TASK TO CARRY OUT :: Down to the last line, print the data that follows exactly, without its pictures.

*** Opening DATASET EXTRACT ***

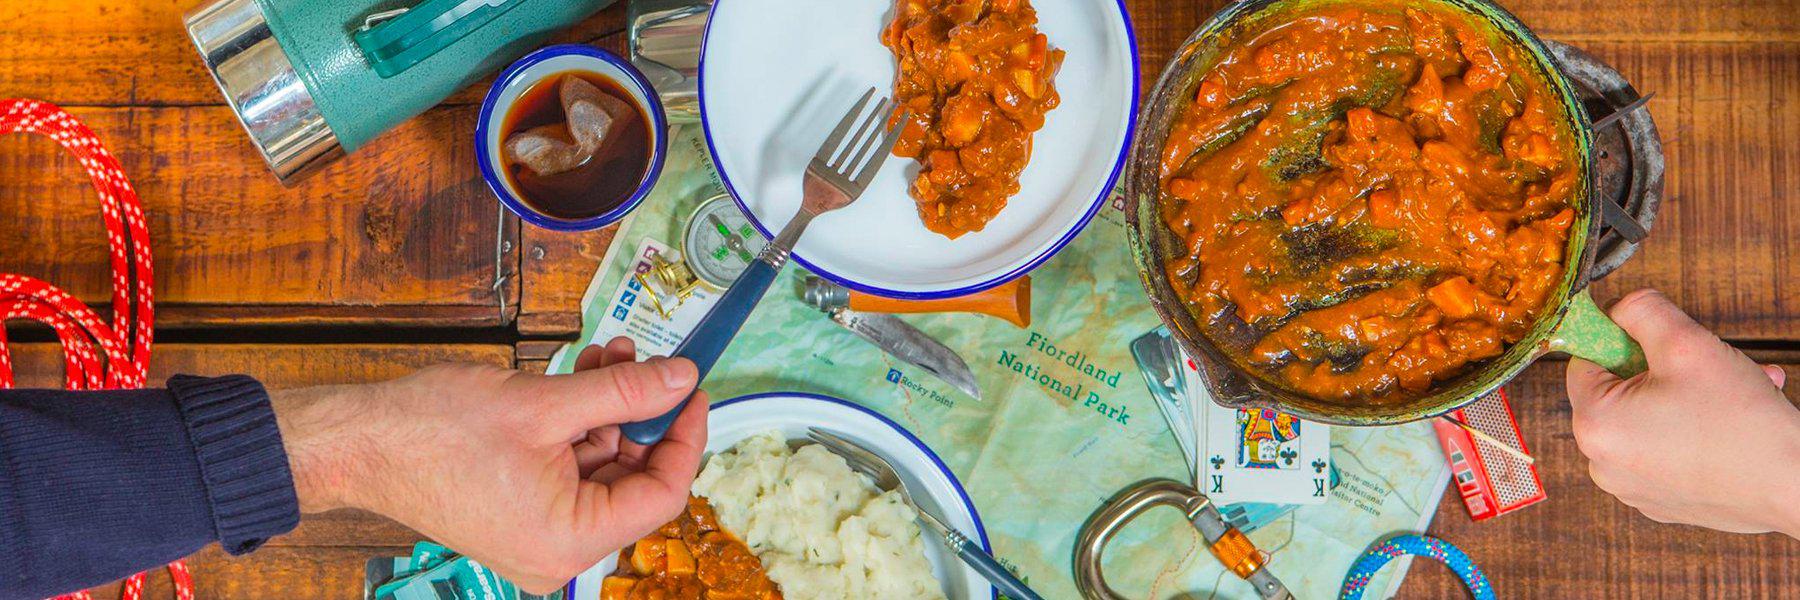 Go Native - Ready To Eat Meals online at Outdoor Action NZ
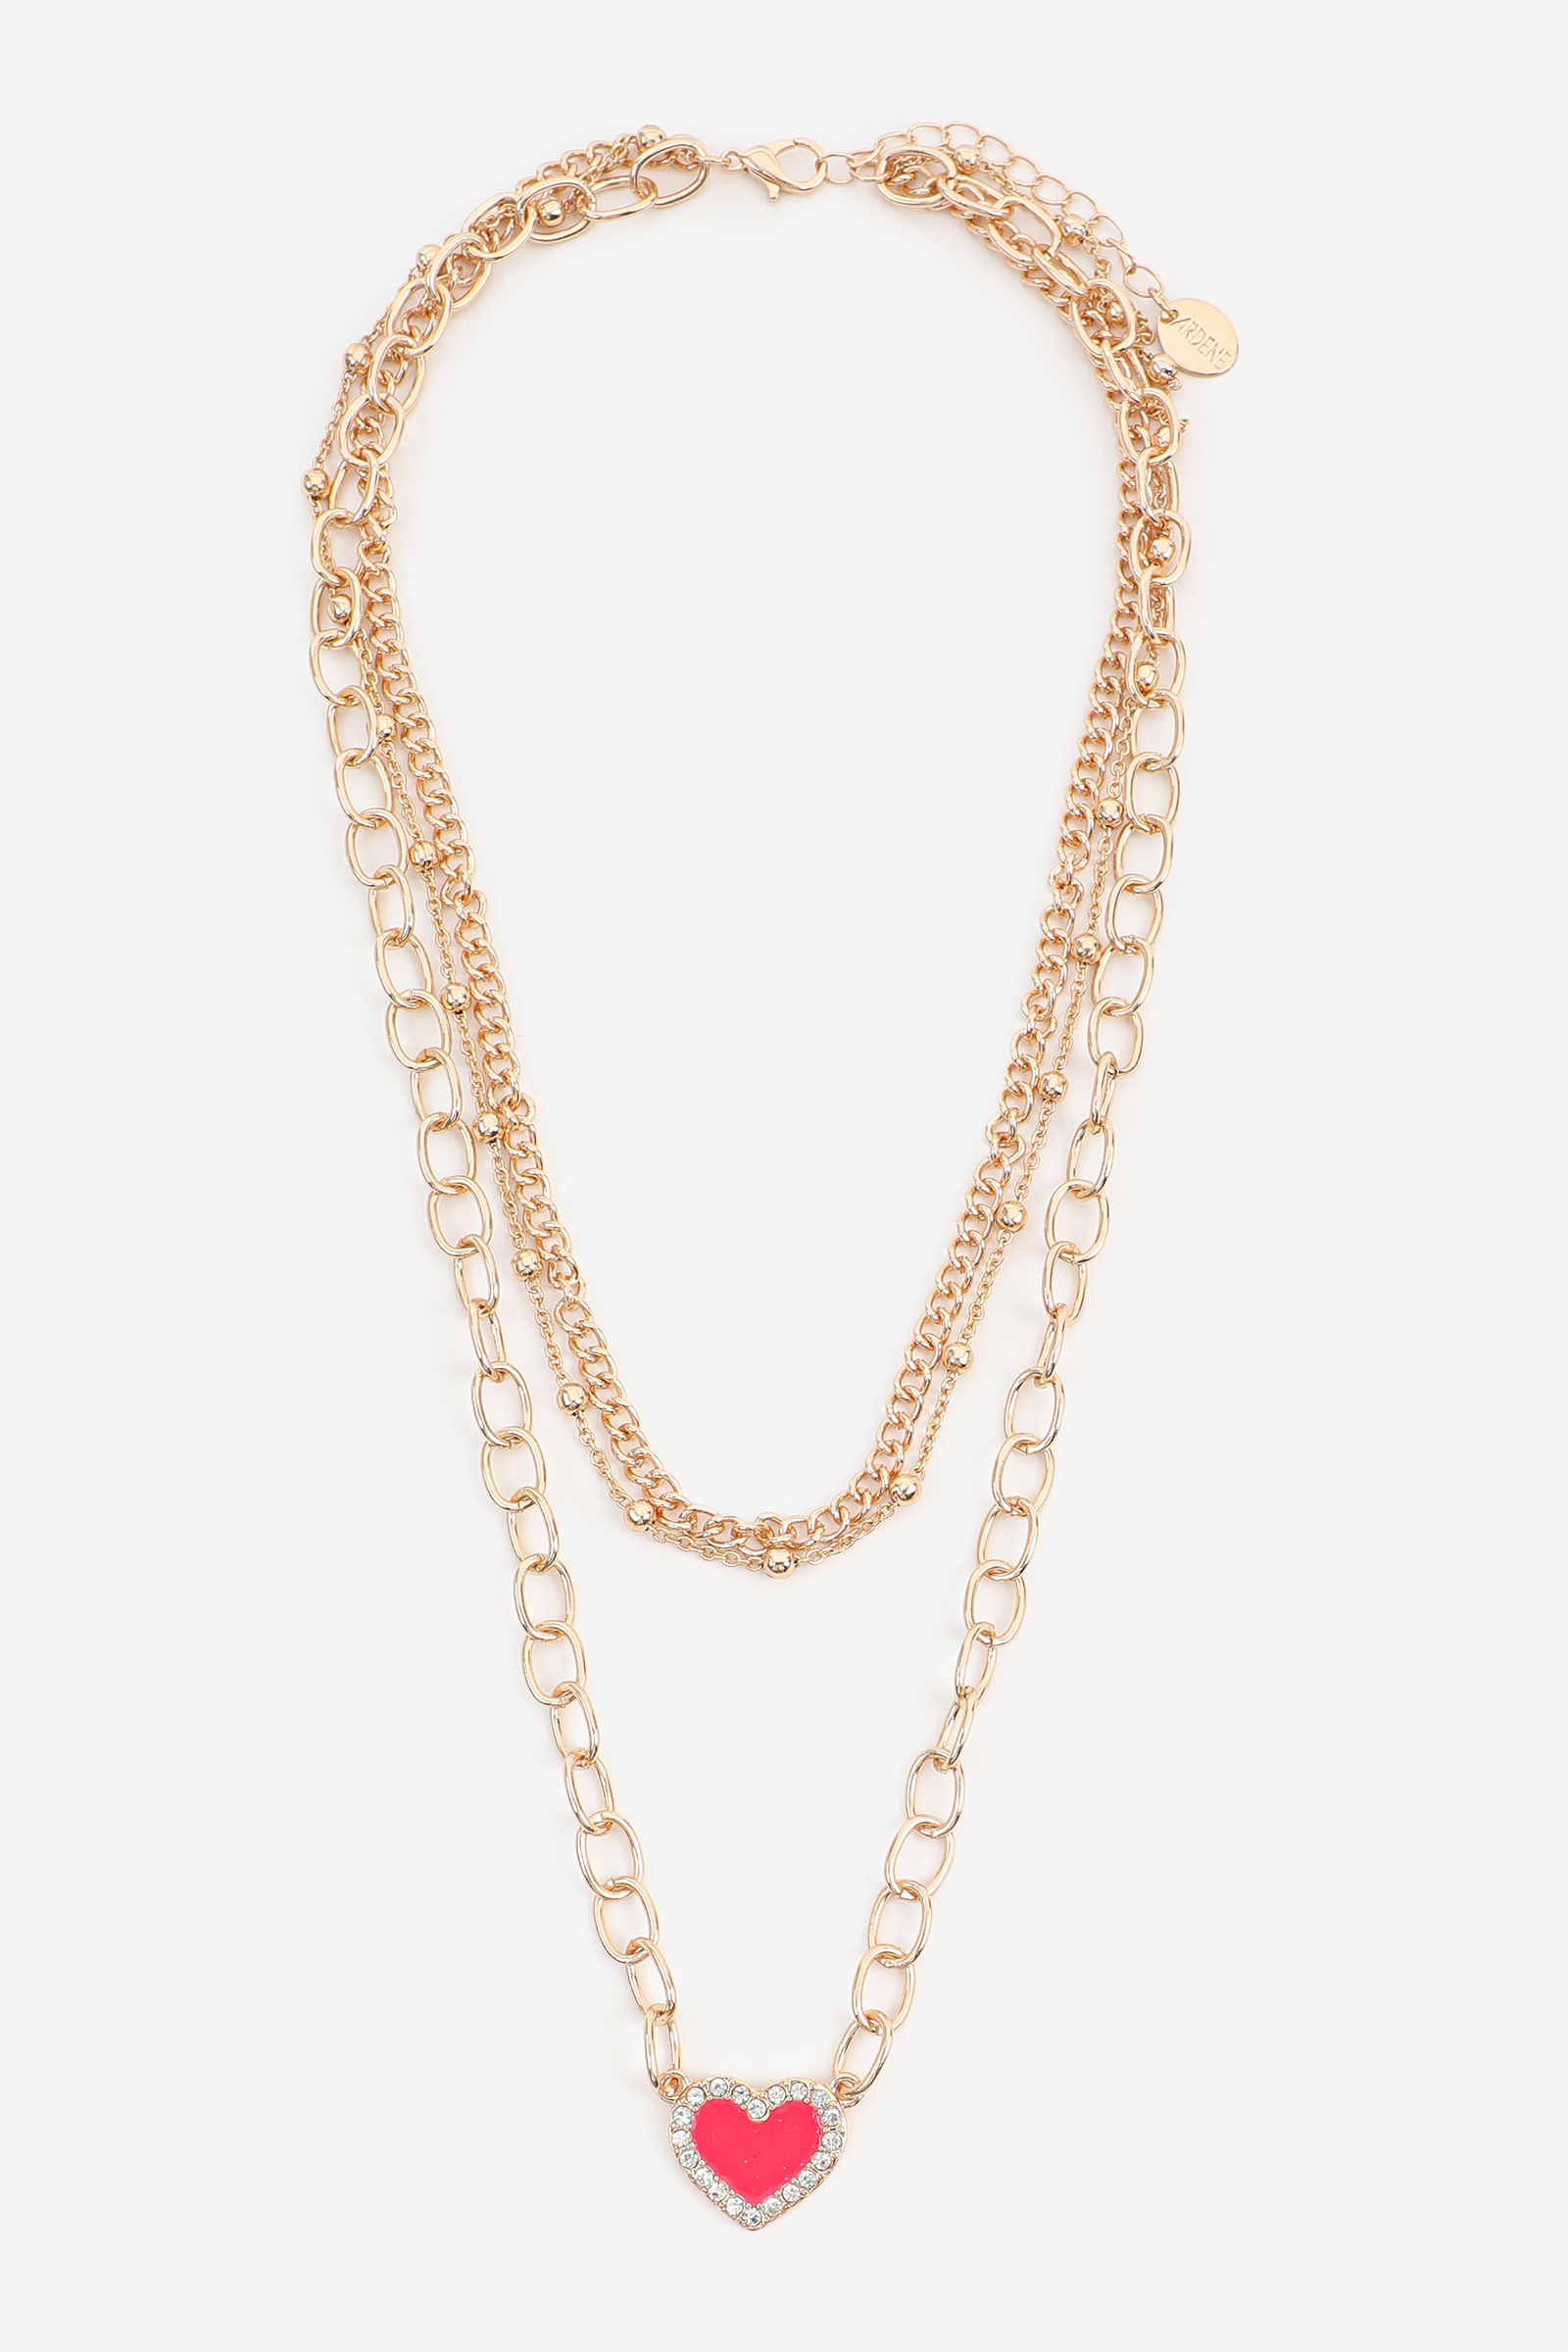 Ardene 3-Row Pink Heart Necklace in Gold
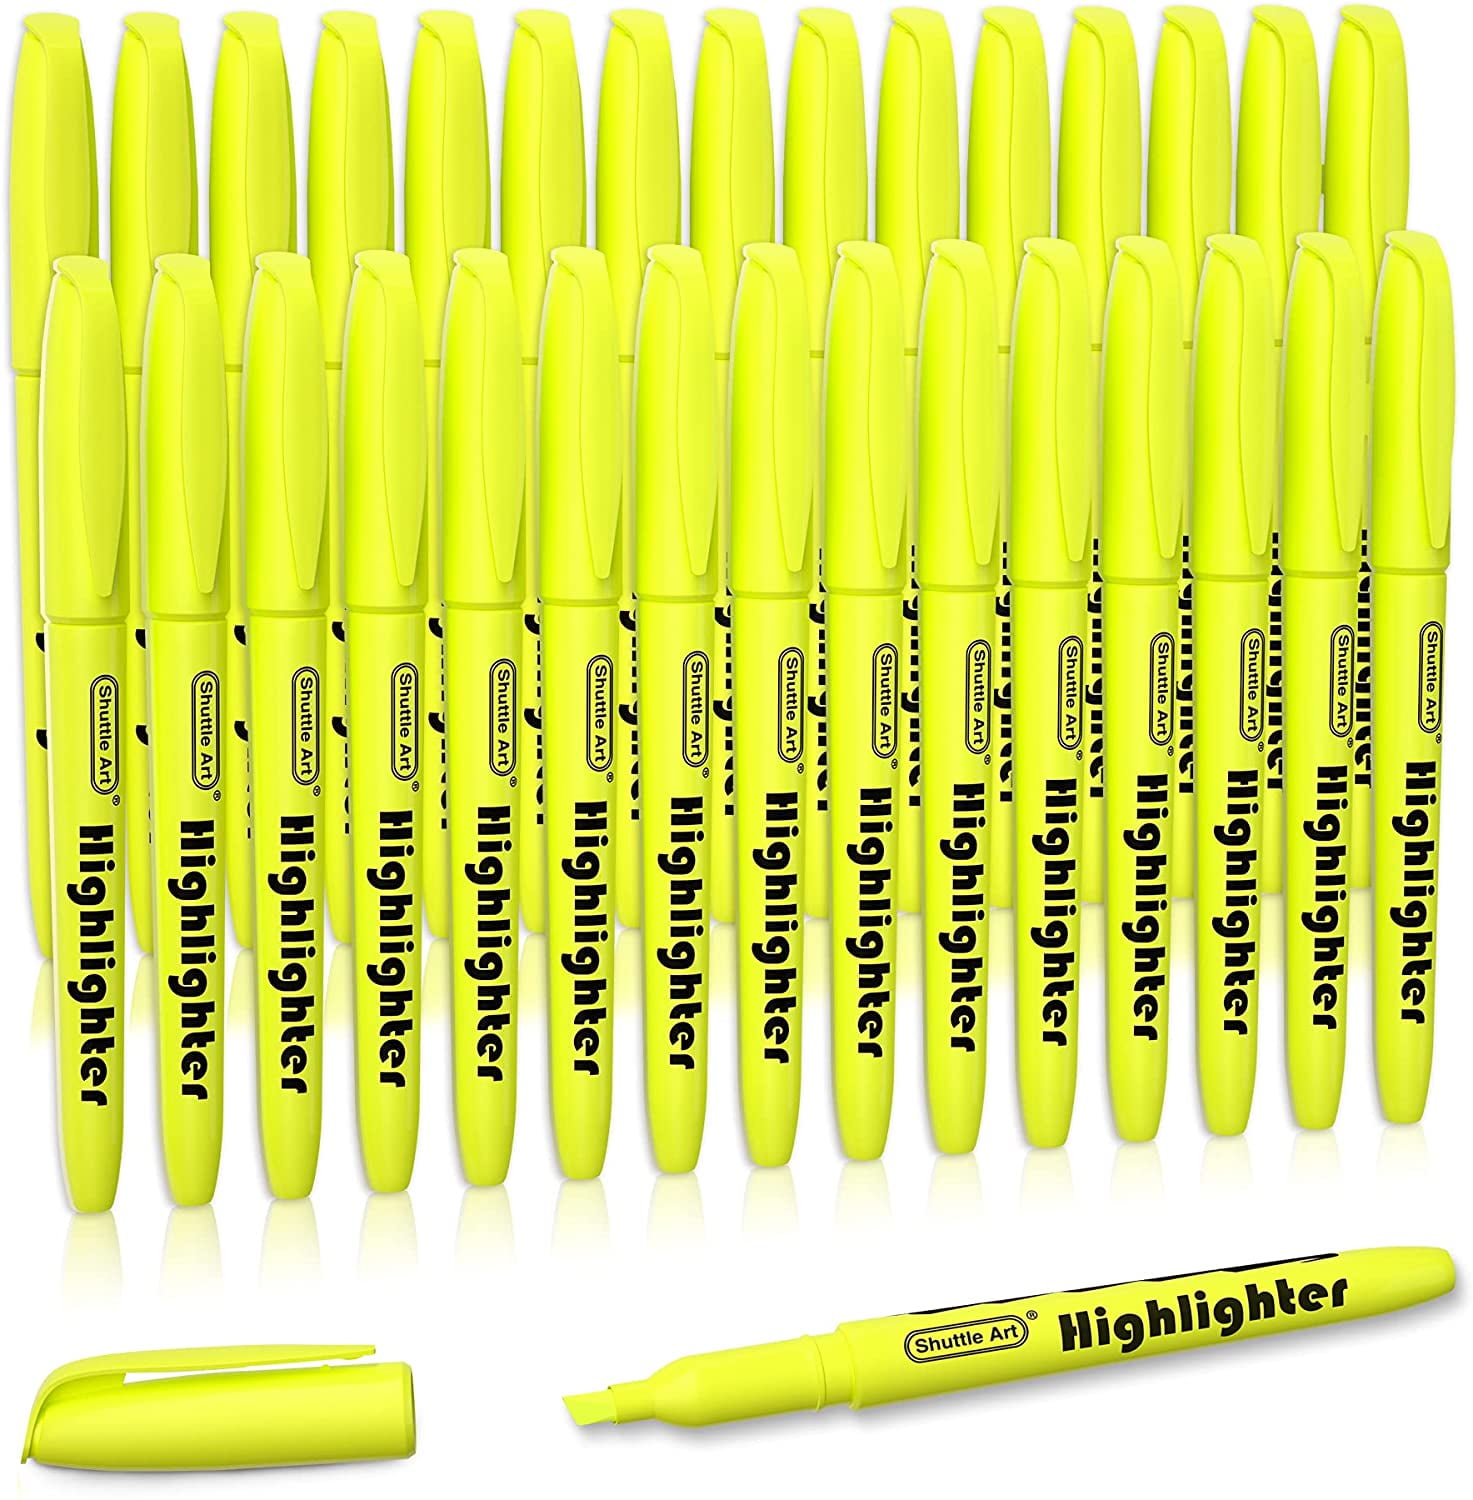 6Pc NEON HIGHLIGHTER MARKER PENS Assorted Colours Office/School/Home Pack Set

*** Closing DATASET EXTRACT ***

OUTPUT BELOW ::
 Go Native - Ready To Eat Meals online at Outdoor Action NZ
 Ardene 3-Row Pink Heart Necklace in Gold
 6Pc NEON HIGHLIGHTER MARKER PENS Assorted Colours Office/School/Home Pack Set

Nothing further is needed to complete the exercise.